At this juncture, the donor community can play a critical role to forge the needed consensus. It is critical that donor financing must be conditional in order to ensure that Pakistan takes painful, but necessary, steps that are needed for it to durably ensure growth and thus eliminate the need for global handouts every so many years. One way would be for such assistance to be tied to reform programs agreed with multilateral lending agencies. In particular, consideration should be given to linking disbursements with irreversible domestic actions to raise revenues and domestic savings rate over a defined period so that domestic savings rise enough in a durable fashion to permanently obviate the need for foreign aid. The importance of policy reforms and commitment to their implementation is thus self-evident.

(The views expressed in this article are solely of the author and in no way reflect views or opinions of the Middle East Institute)


1              See Moyo, Dambiso; “Dead Aid: Why Aid is Not Working and How There is a Better War for Africa;” Farrar, Straus and Giroux, 2009. Prof. Bhagwati noted that in the absence of conditions for proper use, aid is more likely to harm than help growth by discouraging or postponing necessary policy reforms.

2              For detail see IMF Country Report on Pakistan, N0. 08/21, January 2008. See also IMF, Pakistan-Public Information Notice, 17 December 2007.

3              Economic Survey of Pakistan, 2007-08, June 2008. For a good analysis of the emerging crisis see IMF, Pakistan – Request for Stand-by Arrangement, 20 November 2008.

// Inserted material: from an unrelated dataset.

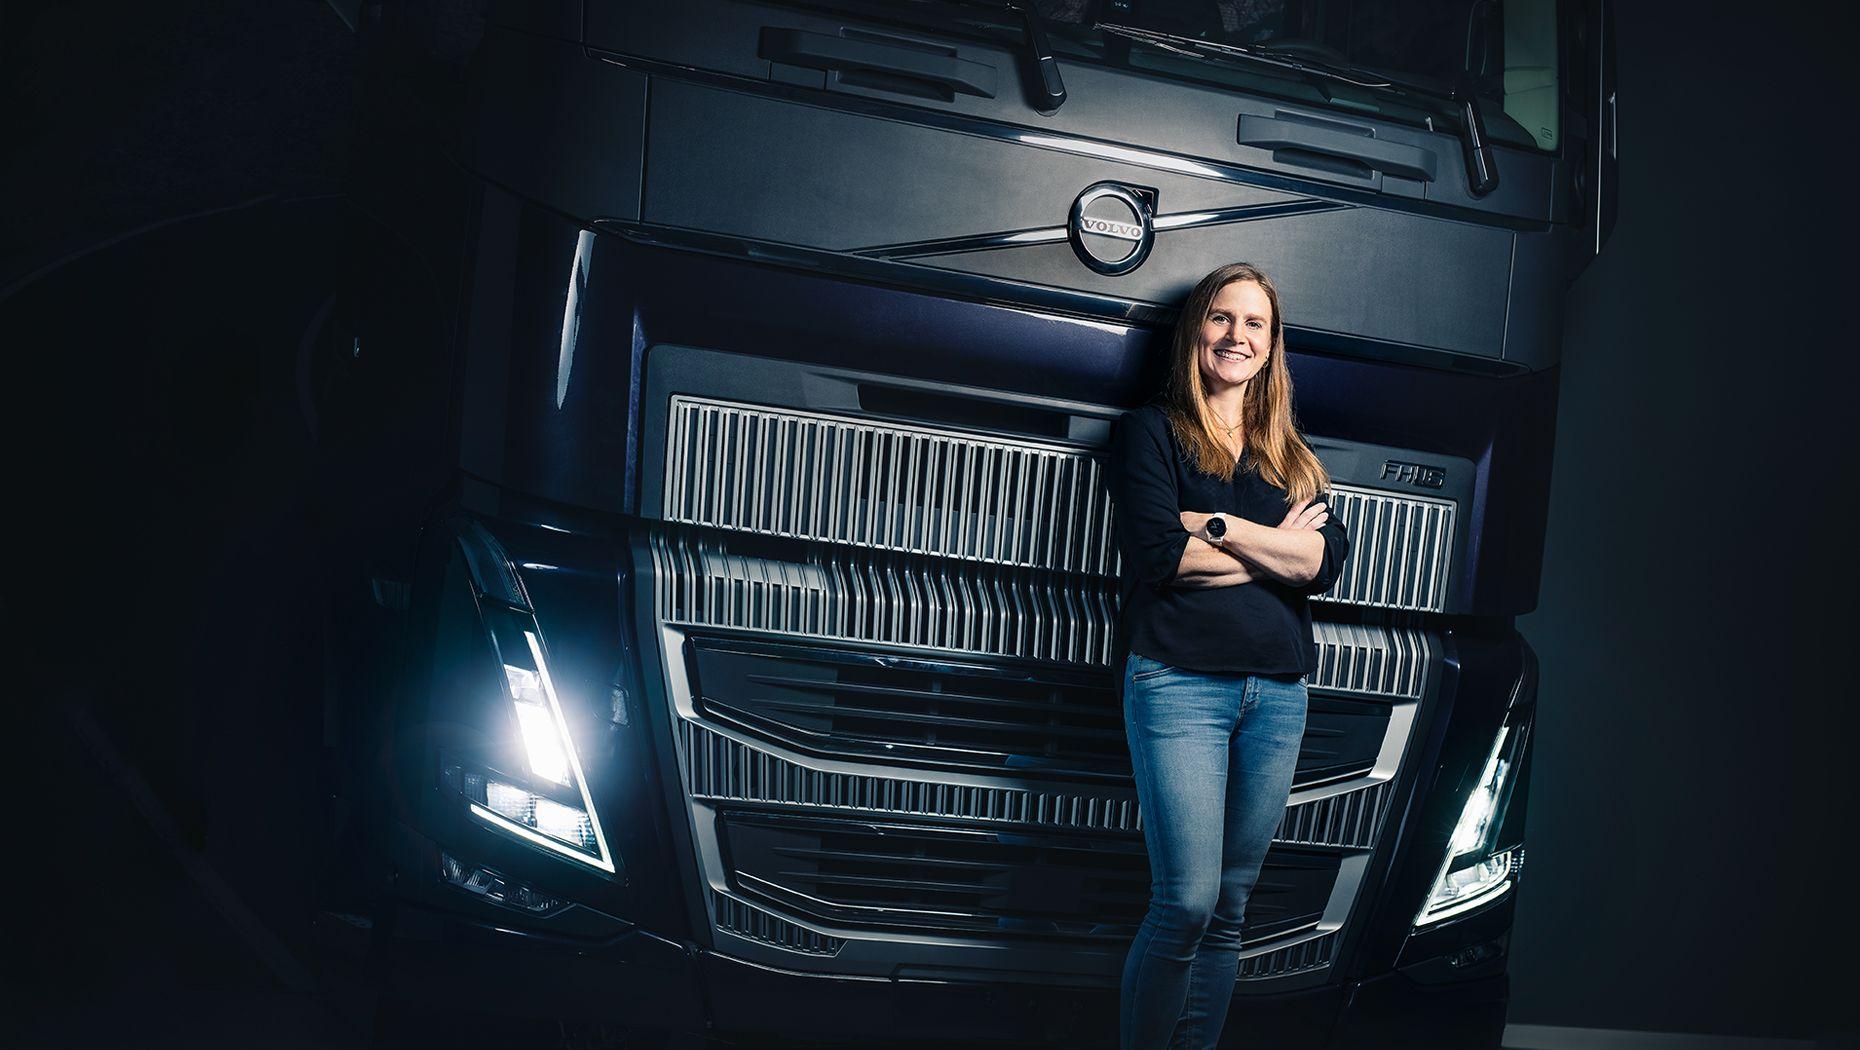 Volvo Lastvagnars säkerhetsdirektör, Anna Wrige Berling, framför en Volvo FH16

4              An important example of the lackluster approach to the mounting economic problems is that, in the first six months of the new government, finance ministers were changed three times and secretaries of finance twice  which did not provide continuity of policy implementation and mixed signals to the market, leading to significant capital outflows.

5              The emerging consensus for energy reforms calls for an early settlement of the circular debt followed by repairs of installed capacity to increase production of electricity. Estimates show that the latter can be achieved in a few months and would cost only a fraction of the planned outlays on rental units.

6              For more details on the role of governance in growth see: Mark Gradstein, “Governance and Growth,” Journal of Development Economics, Vol. 73, Issue 2, April 2004, pp. 505-518; and Mushtaq H. Khan, “Governance, Economic Growth, and Development since 1960s,” background paper for the World Economic and Social Survey, 2006.